◆ **Provided material**
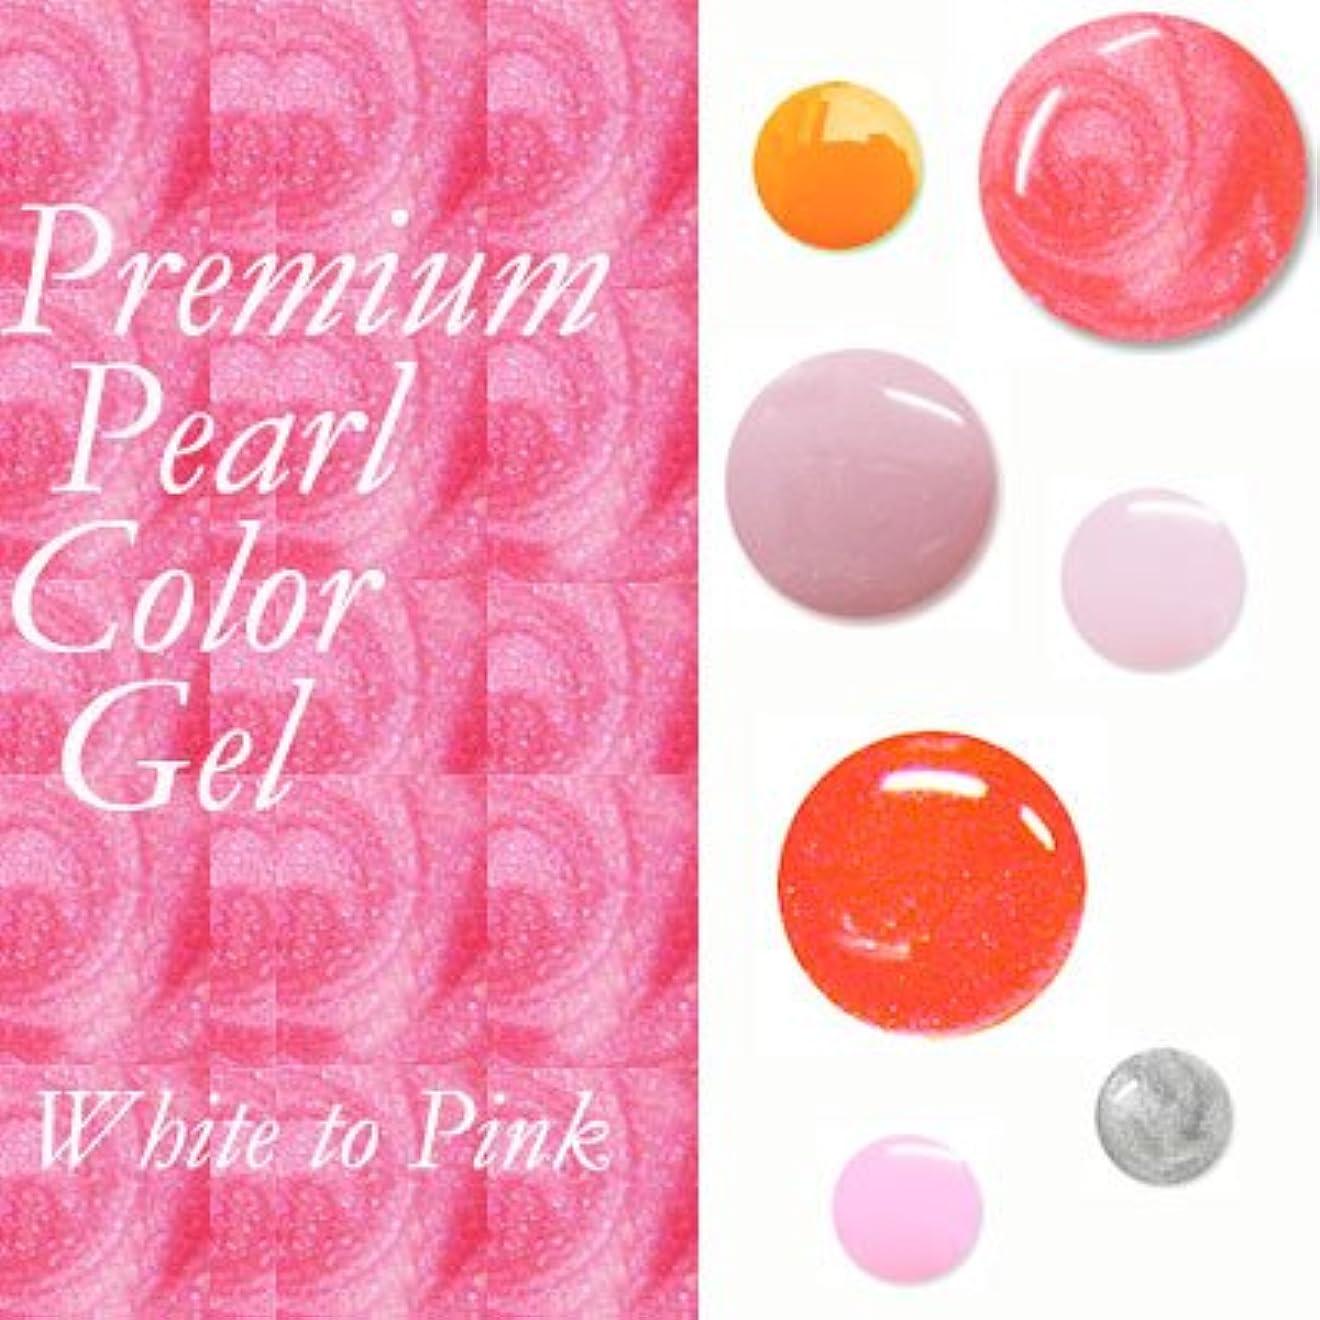 熟考する粗いシンプルなプレミアムパールカラージェル ホワイト?ピンク系 8g入り (パールベージュ)
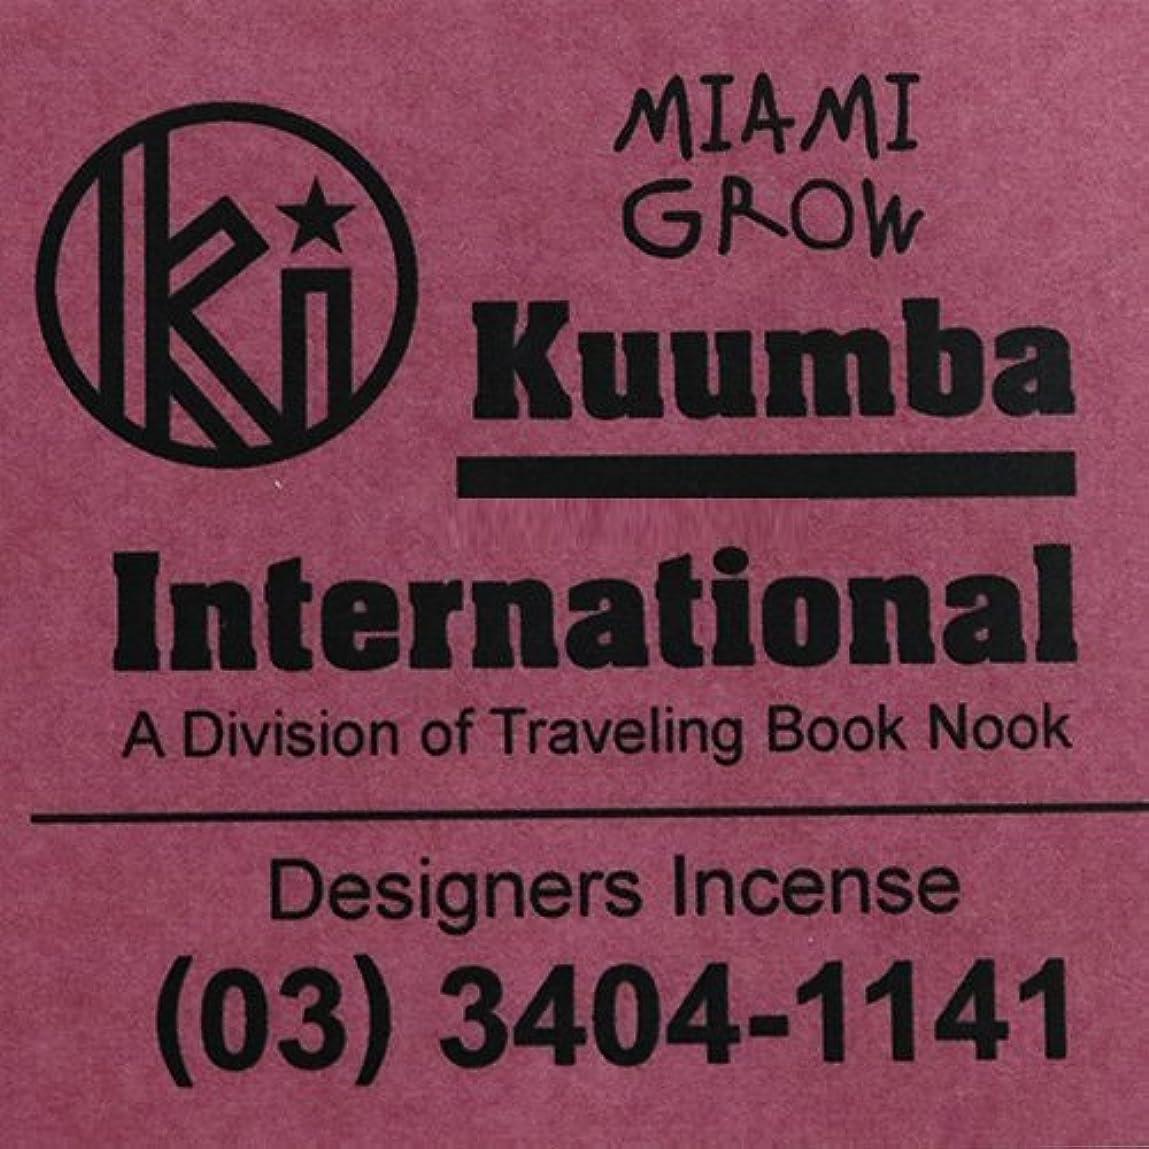 加害者縮約感謝している(クンバ) KUUMBA『incense』(MIAMI GROW) (Regular size)
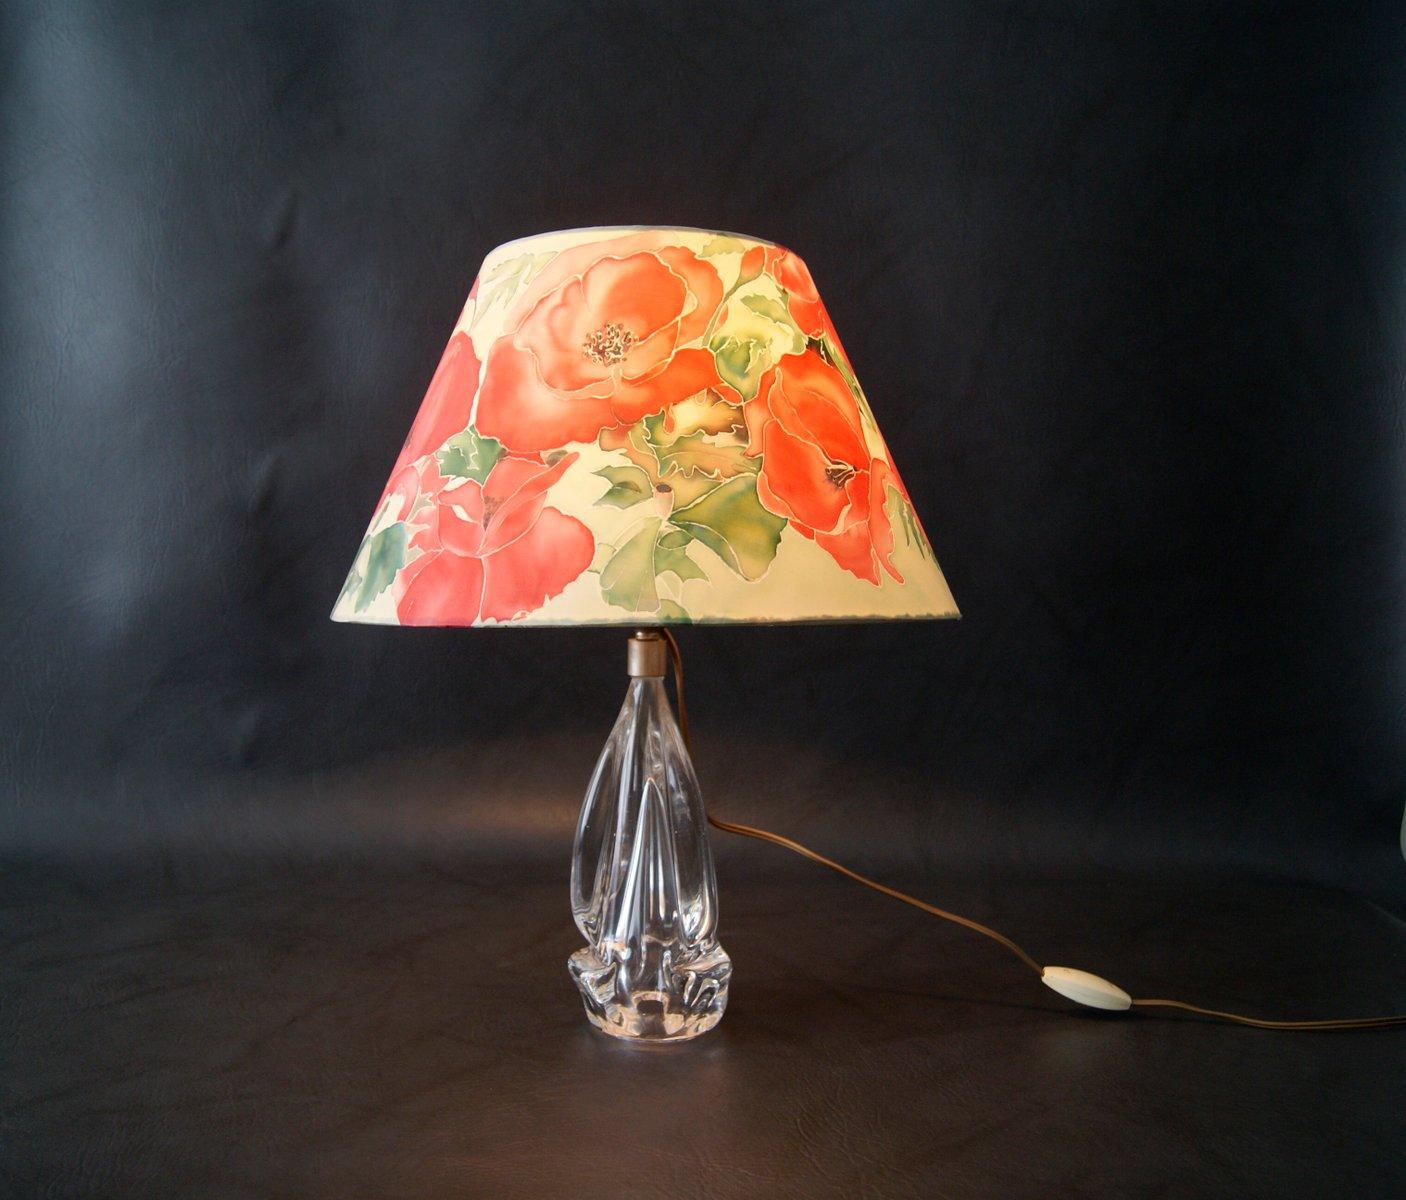 franz sische tischlampe mit glas sockel und floralem schirm 1950er bei pamono kaufen. Black Bedroom Furniture Sets. Home Design Ideas
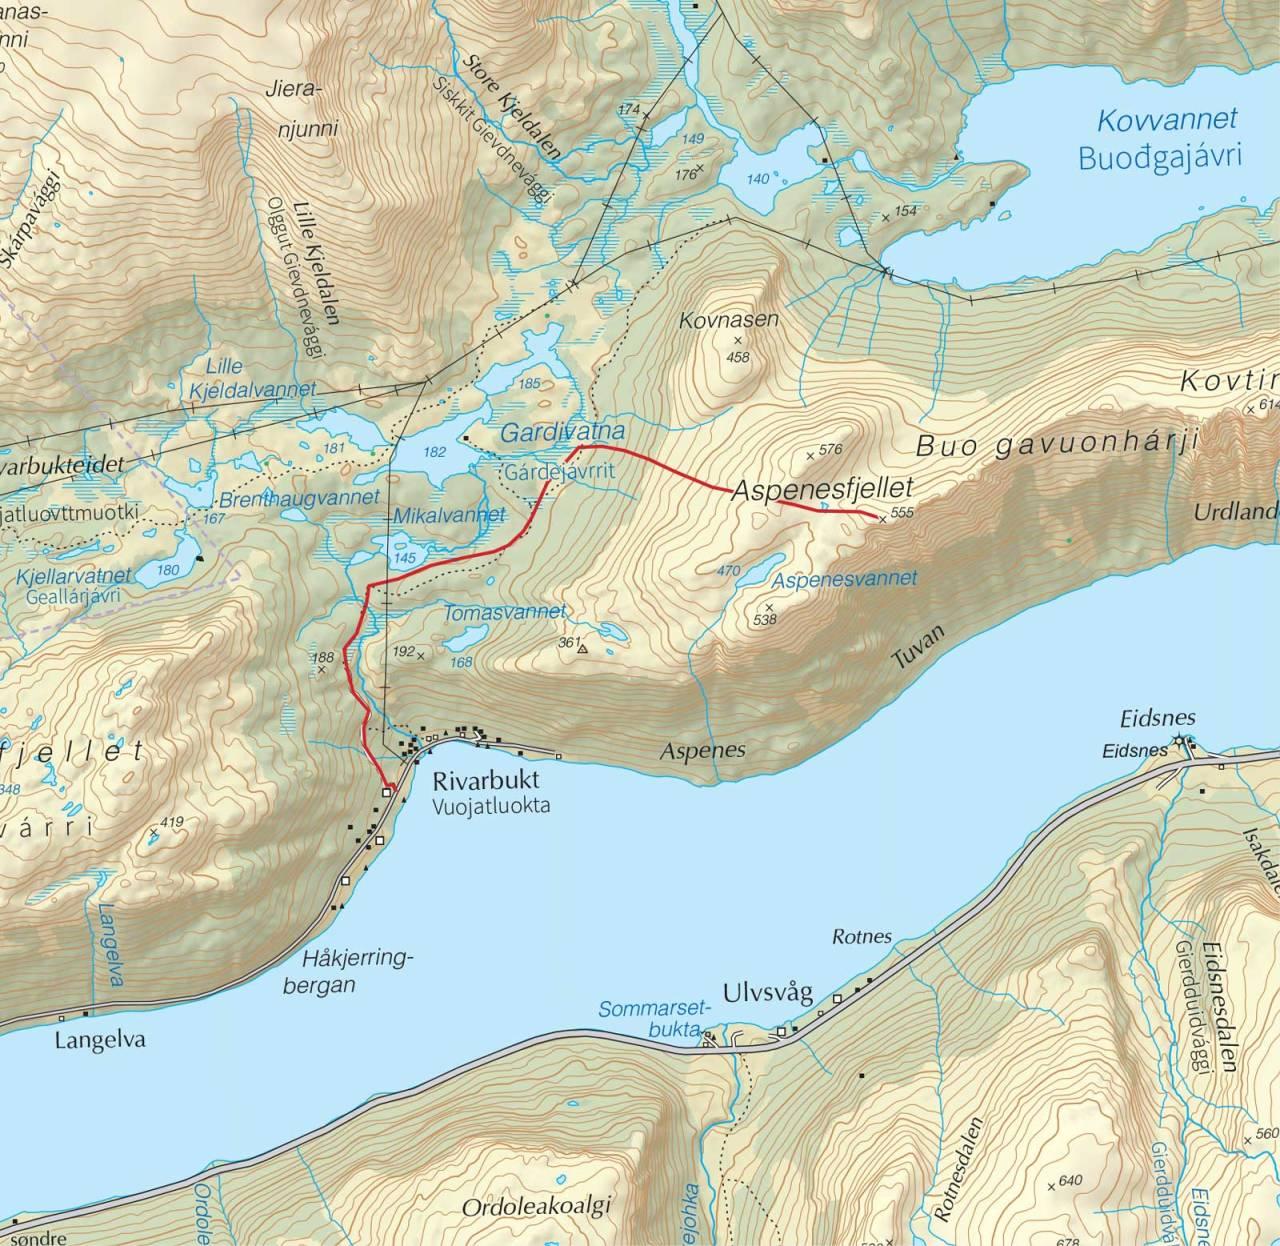 Kart over Aspnesfjellet med inntegnet rute. Fra Trygge toppturer.

◆ **Task**
Give every line above again exactly, with no pictures.

◆ **Expected answer**
 熟考する粗いシンプルなプレミアムパールカラージェル ホワイト?ピンク系 8g入り (パールベージュ)
 加害者縮約感謝している(クンバ) KUUMBA『incense』(MIAMI GROW) (Regular size)
 franz sische tischlampe mit glas sockel und floralem schirm 1950er bei pamono kaufen. Black Bedroom Furniture Sets. Home Design Ideas
 Kart over Aspnesfjellet med inntegnet rute. Fra Trygge toppturer.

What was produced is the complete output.